PriorityQueue是一个优先级队列默认情况下使用自然排序，也可以指定不同的Comparator来对元素排序。在进行反序列化时会调用Comparator#compare对元素进行比较后排序。TransformingComparator是Comparator的实现类其compare实现中首先通过Transfromer#transform对元素修饰后再进行比较。由于TransformingComparator在3.1没有实现Serializable接口，因此CC2只能在4.4版本使用。

public int compare(Object obj1, Object obj2) {
    Object value1 = this.transformer.transform(obj1);
    Object value2 = this.transformer.transform(obj2);
    return this.decorated.compare(value1, value2);
}

下面通过tabby拿到CC2的利用链

match (source:Method) where source.NAME="readObject" 
match (m1:Method) where  m1.NAME="transform" and m1.CLASSNAME="org.apache.commons.collections.Transformer"
call apoc.algo.allSimplePaths(m1, source, "<CALL|ALIAS",6) yield path 
where any(n in nodes(path) where n.CLASSNAME="java.util.PriorityQueue")
return path limit 10

CC3

CC3应该是Commons-collection里比较特殊的利用链了，因为并没有使用InvokeTransformer作为sink。在CC2中我们了解到可以通过构造一个恶意的TemplatesImpl 对象，当目标调用newTransformer 加载提供的字节码并实例化导致静态代码块和构造方法的执行。在 CC2中是使用了InvokeTransformer通过反射调用了newTransformer，那么有没有可能直接通过某个方法调用newTransformer呢？

在CC3中提出了通过com.sun.org.apache.xalan.internal.xsltc.trax.TrAXFilter构造方法调用newTransformer。

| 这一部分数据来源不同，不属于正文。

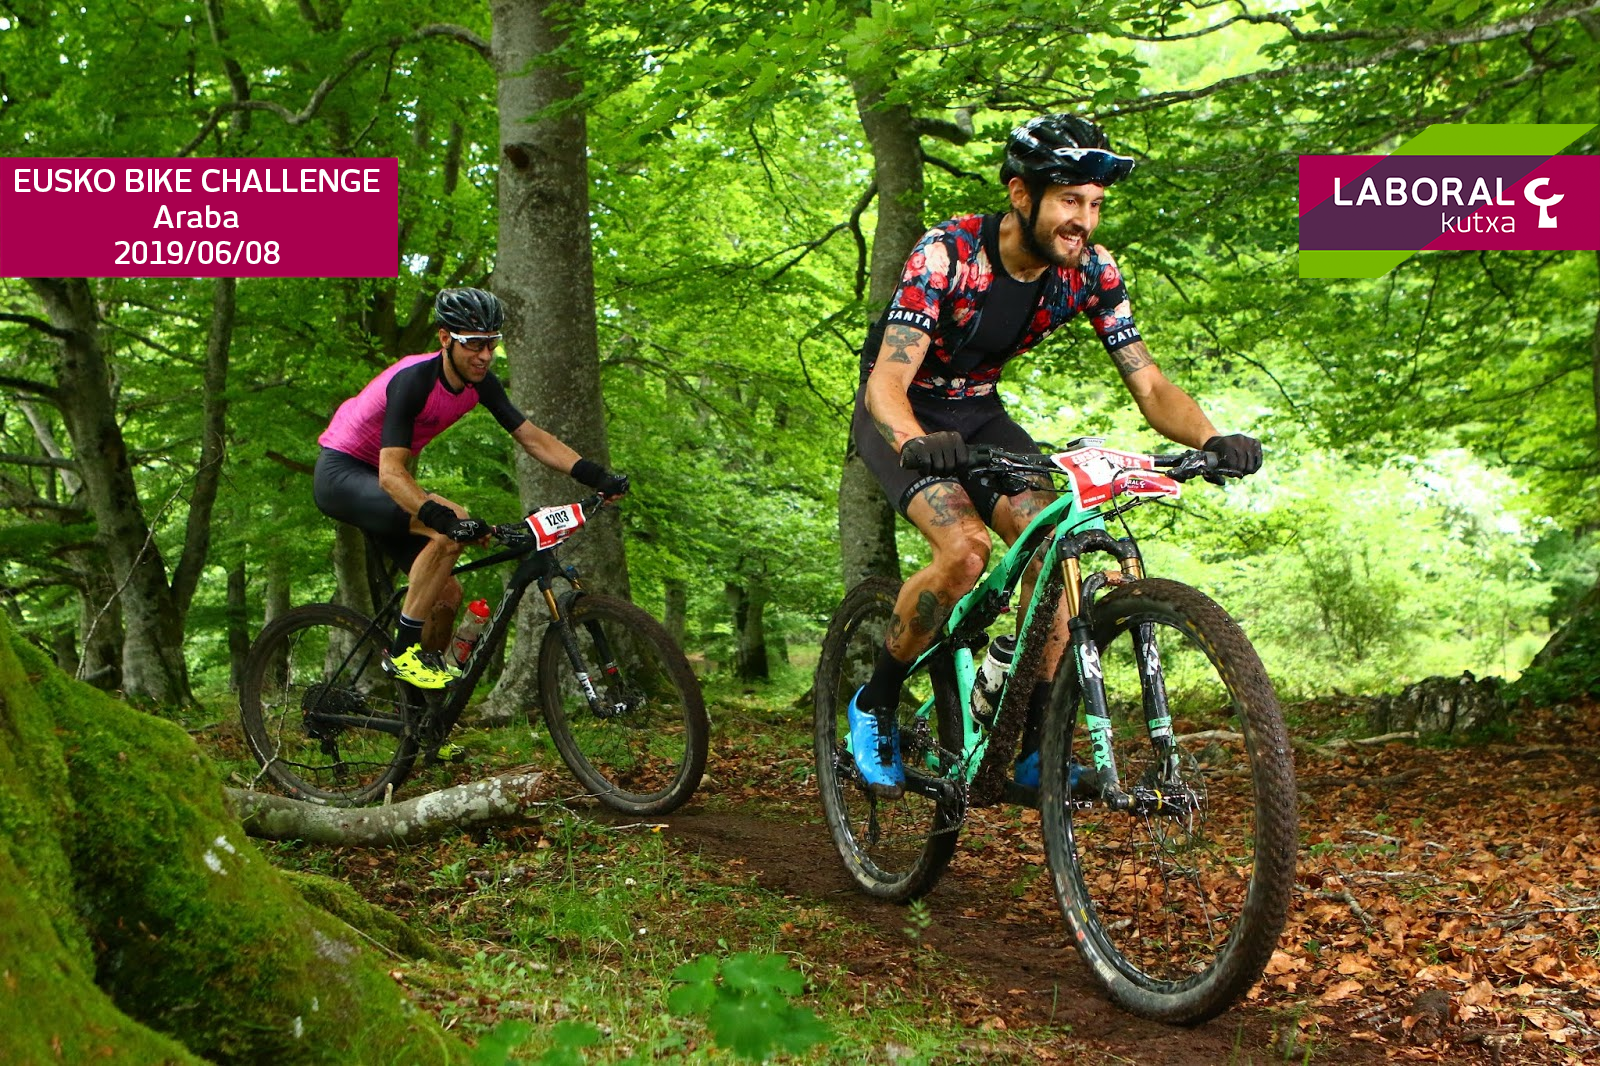 Sorteamos 4 plazas para Eusko Bike Challenge, la Maratón definitiva de Mountain Bike que se celebrará el 8 de junio

public TrAXFilter(Templates templates)  throws
      TransformerConfigurationException
  {
      _templates = templates;
      _transformer = (TransformerImpl) templates.newTransformer();
      _transformerHandler = new TransformerHandlerImpl(_transformer);
      _overrideDefaultParser = _transformer.overrideDefaultParser();
  }

所以我们只要找到从readObject到TrAXFilter的利用链即可，而触发点是在TrAXFilter的构造方法触发的，只要找到一个方法可以调用构造方法并传入参数即可。

直接通过tabby拿到的利用链比较多，我这里直接通过条件限制transform方法，可以直接拿到利用链。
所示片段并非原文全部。